When you started iTunes 9 did you create a new library file or did it detect an old version?

Do you have iTunes set to manage your Library? (copy and sort)

Does activity monitor show iTunes is using cpu usage when it appears frozen?
Is there any activity shown on external HD light?


----------



## cgm707 (Aug 5, 2000)

Instructions about deleting all iTunes files in the Library directory and uninstalling via Applications.

I created a new library, because I have all my music on the external.

iTunes freezes and there's no activity shown on the external or in activity monitor. 

When I start iTunes, the top of the iTunes browser says that it is either getting album artwork, or is doing something with the audio/sound, but it is not doing anything. I have left it alone for hours, and the same thing.


----------



## Headrush (Feb 9, 2005)

I'd open /Applications/Utilities/Console and check the log messages while you are doing this.
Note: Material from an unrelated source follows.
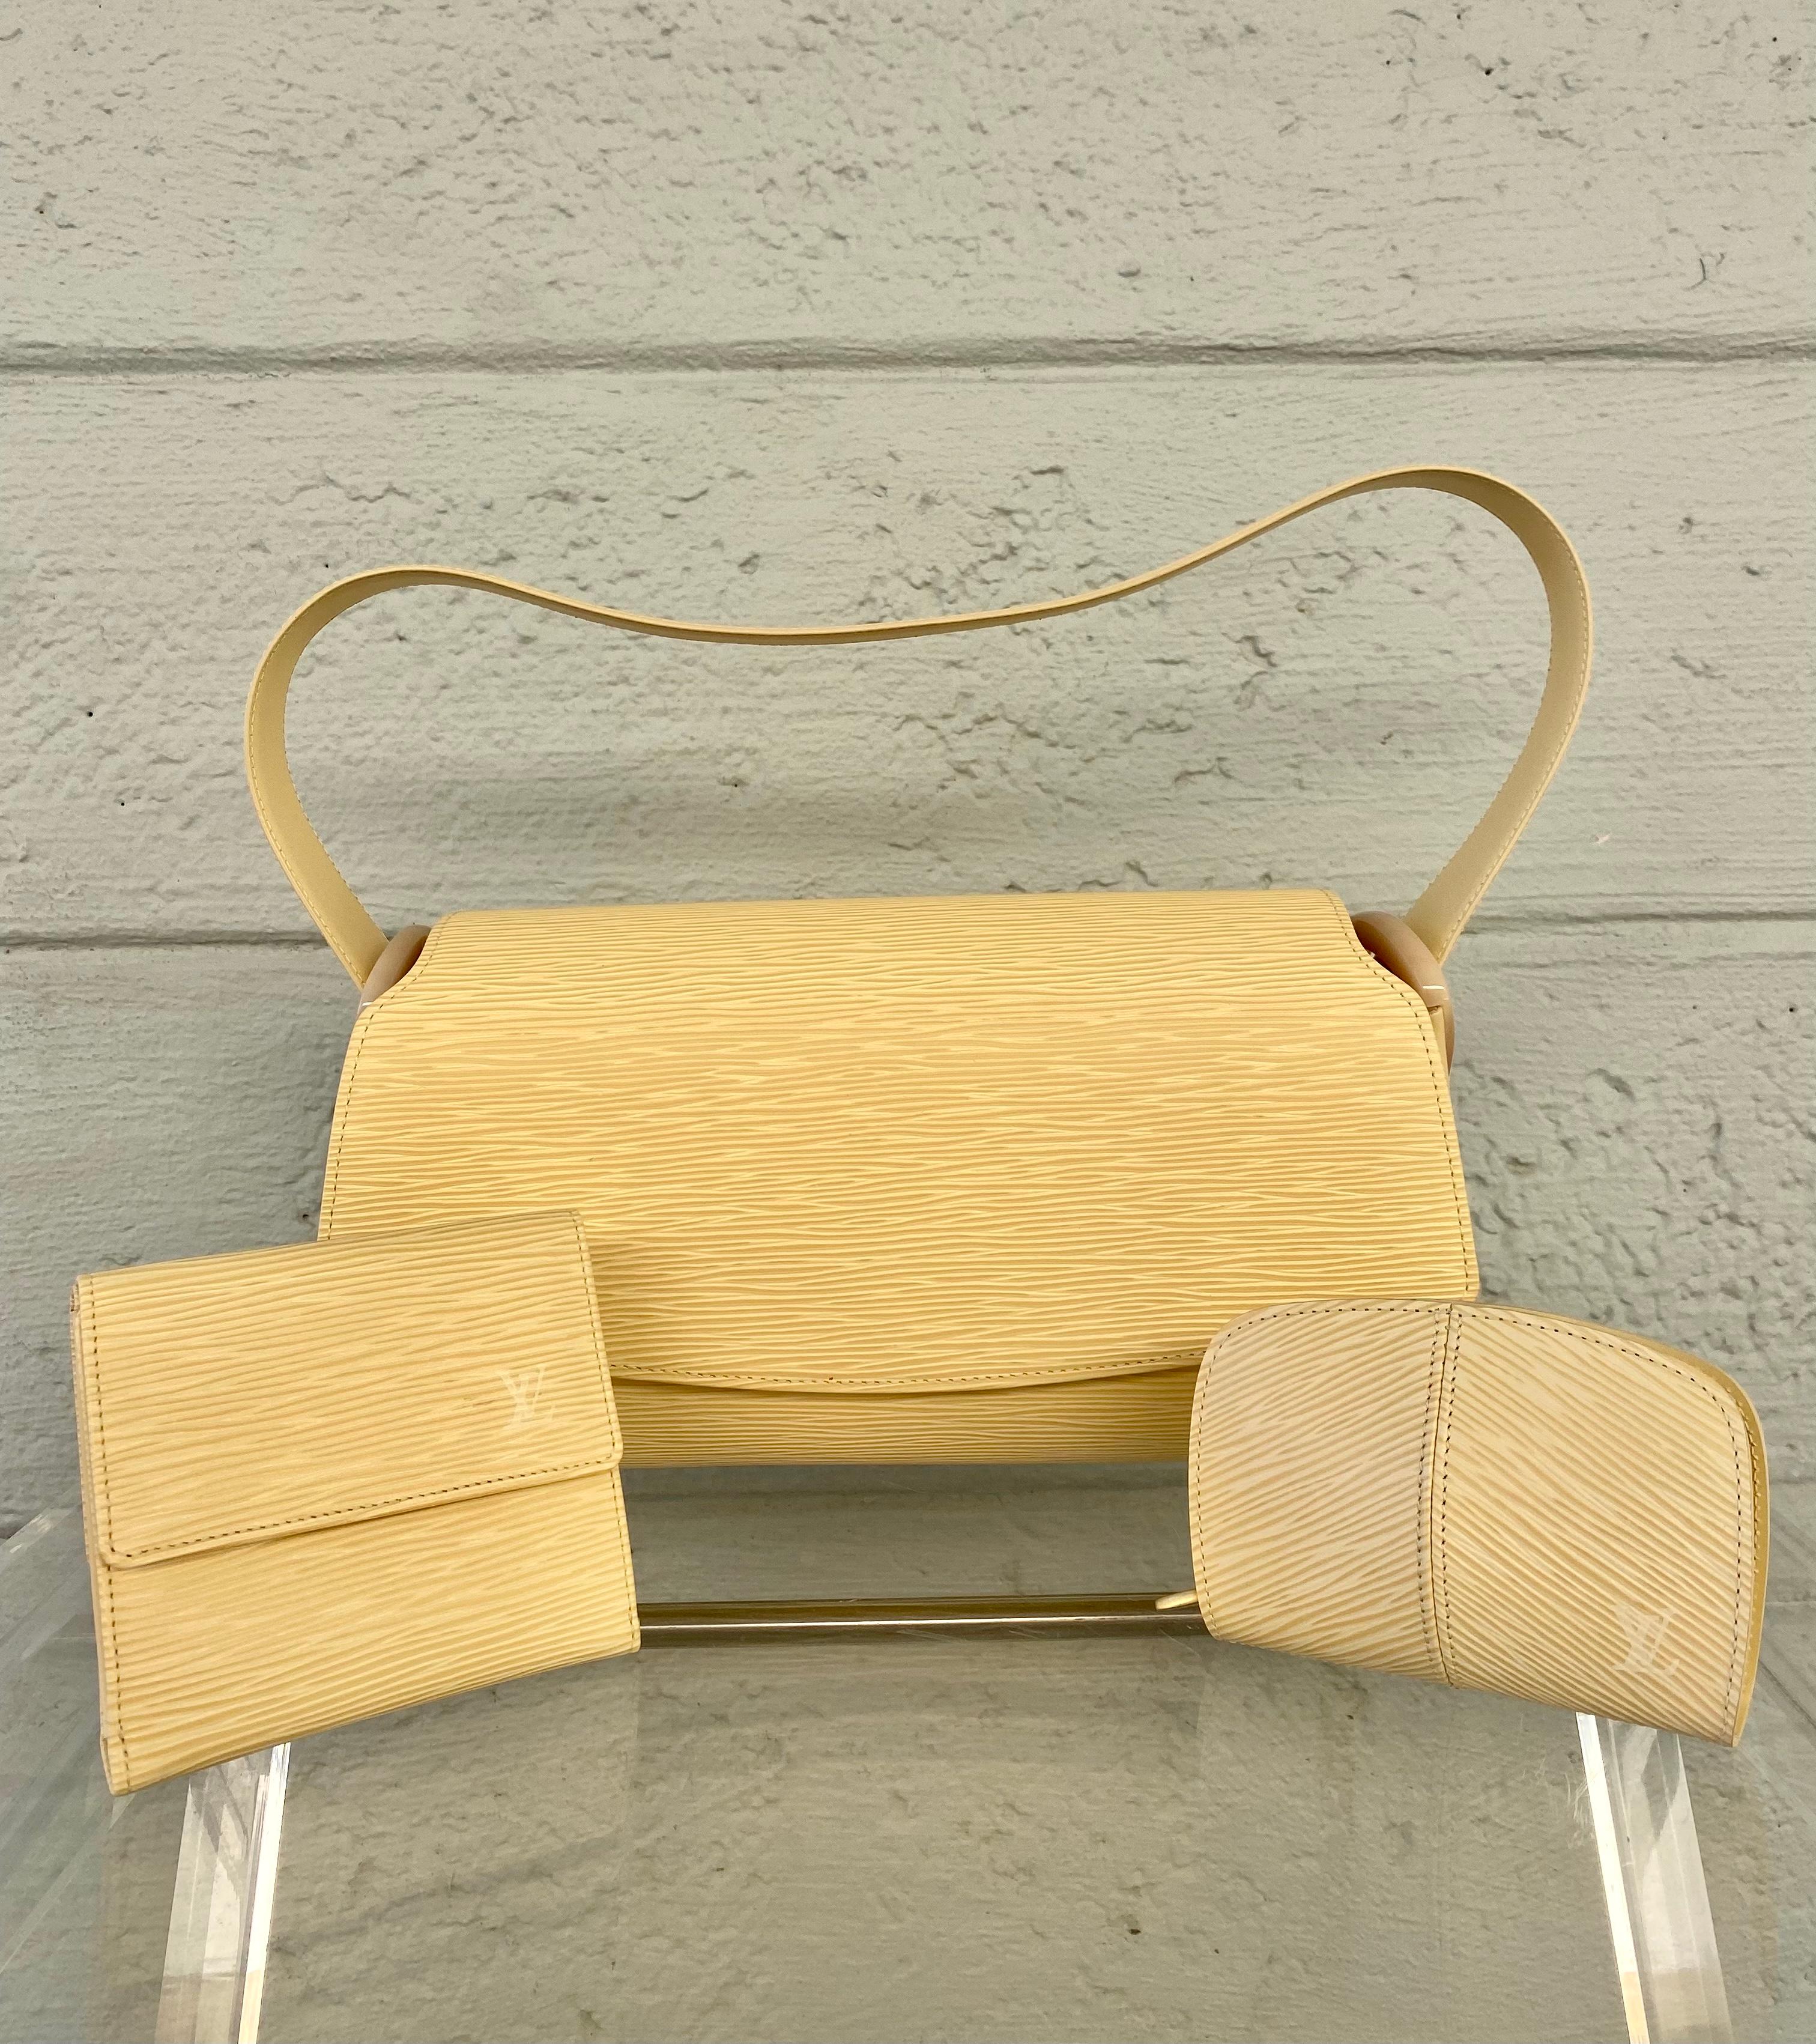 Le nec plus ultra de l'artisanat de luxe en matière de fabrication de sacs à main. La maison Icone Louis Vuitton nous offre toujours des pièces classiques et intemporelles. Ce magnifique sac porte la création intemporelle à un nouveau niveau de
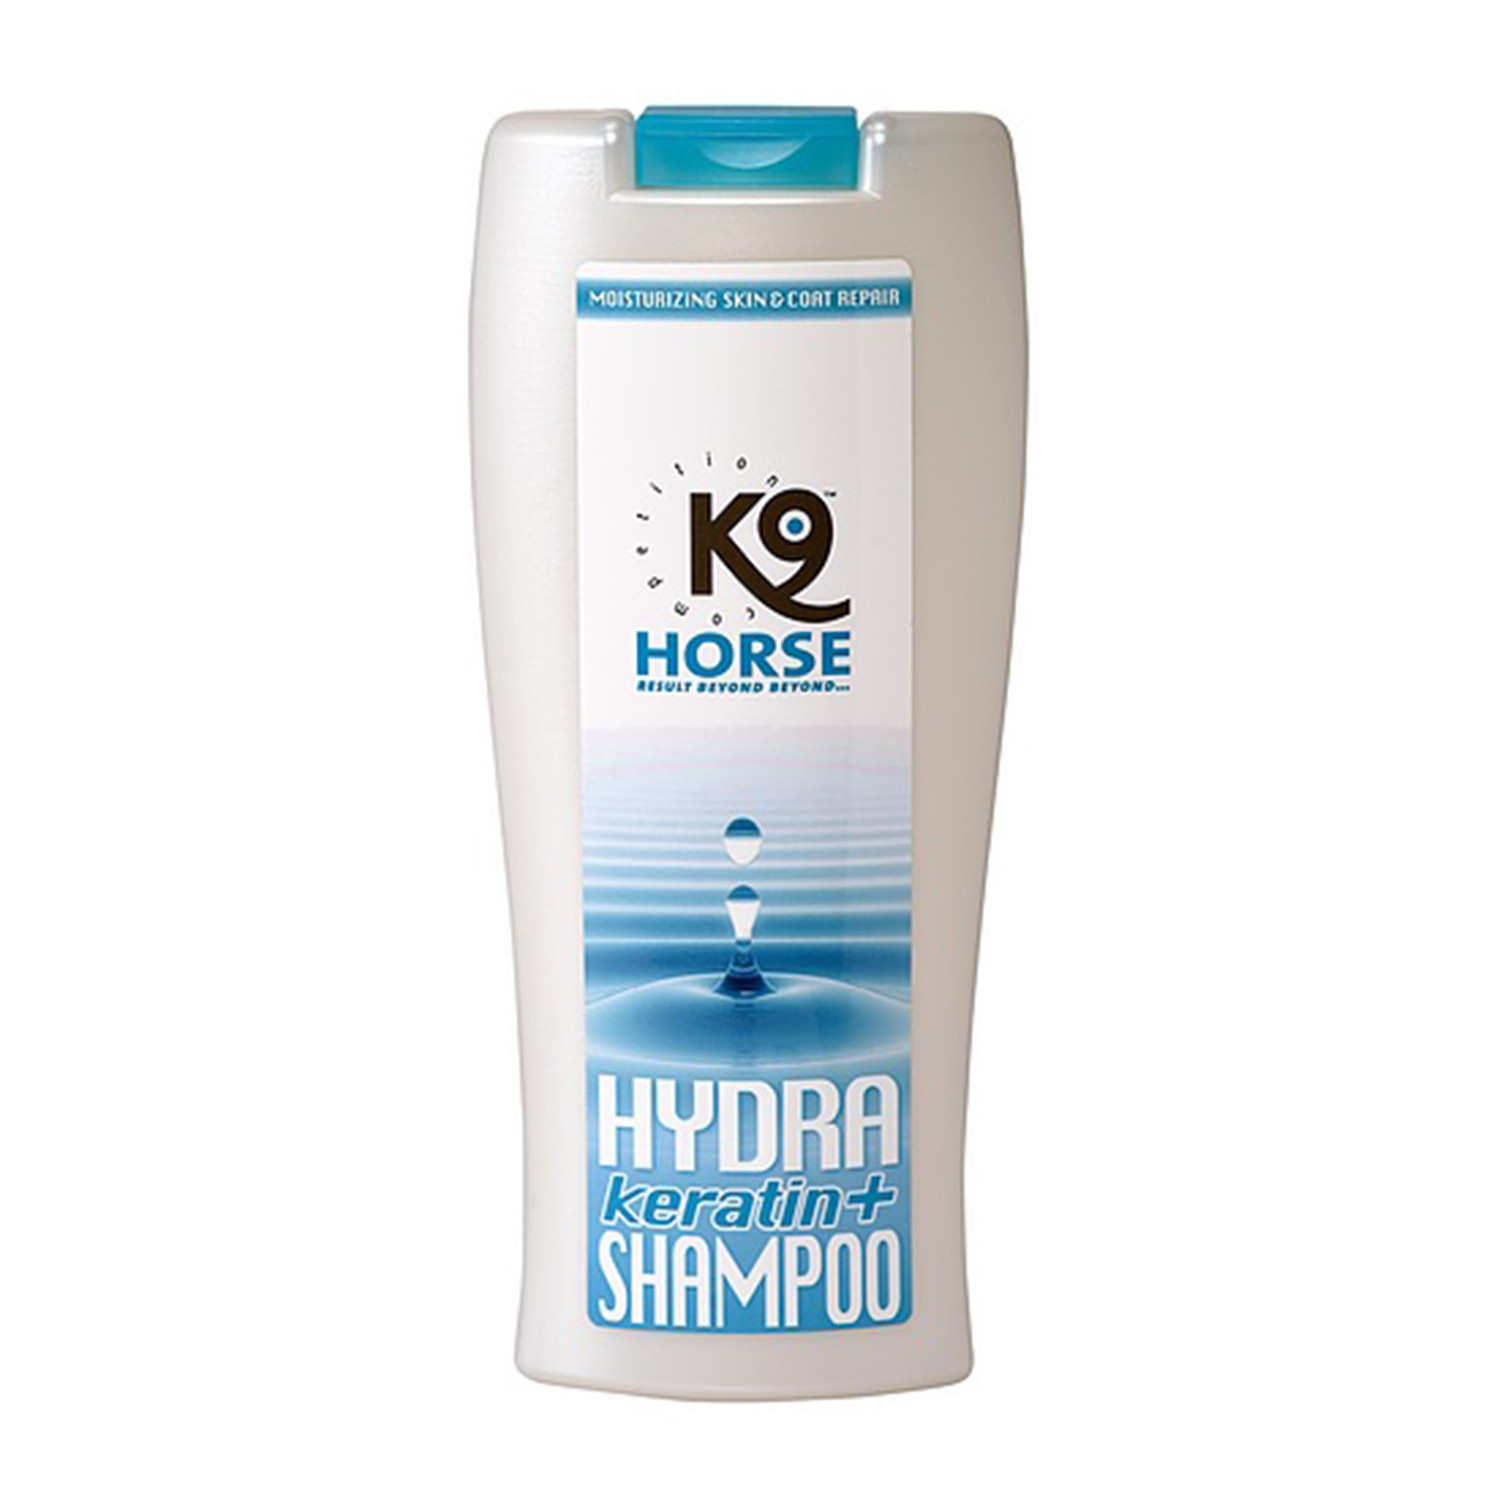 K9 hydra shampo keratin +

Could be a corrupt file that is causing that initial scan it does to muck up. (need more info from above possibly)

You never mentioned if you are allowing iTunes to organize your Music?


----------



## cgm707 (Aug 5, 2000)

Thanks for the info. Under Console, I got the following: 
1/20/12 8:09:29.807 PM [0x0-0x5d05d].org.cogx.cog: TagLib: Could not open file /Volumes/EXTERNAL/iTUNES MEDIA 1.1.2012/K.D. Lang/Ingenue/k.d. lang - Ingenue - 07 - Season Of Hollow Soul.mp3
This appeared under many song files, not just this one.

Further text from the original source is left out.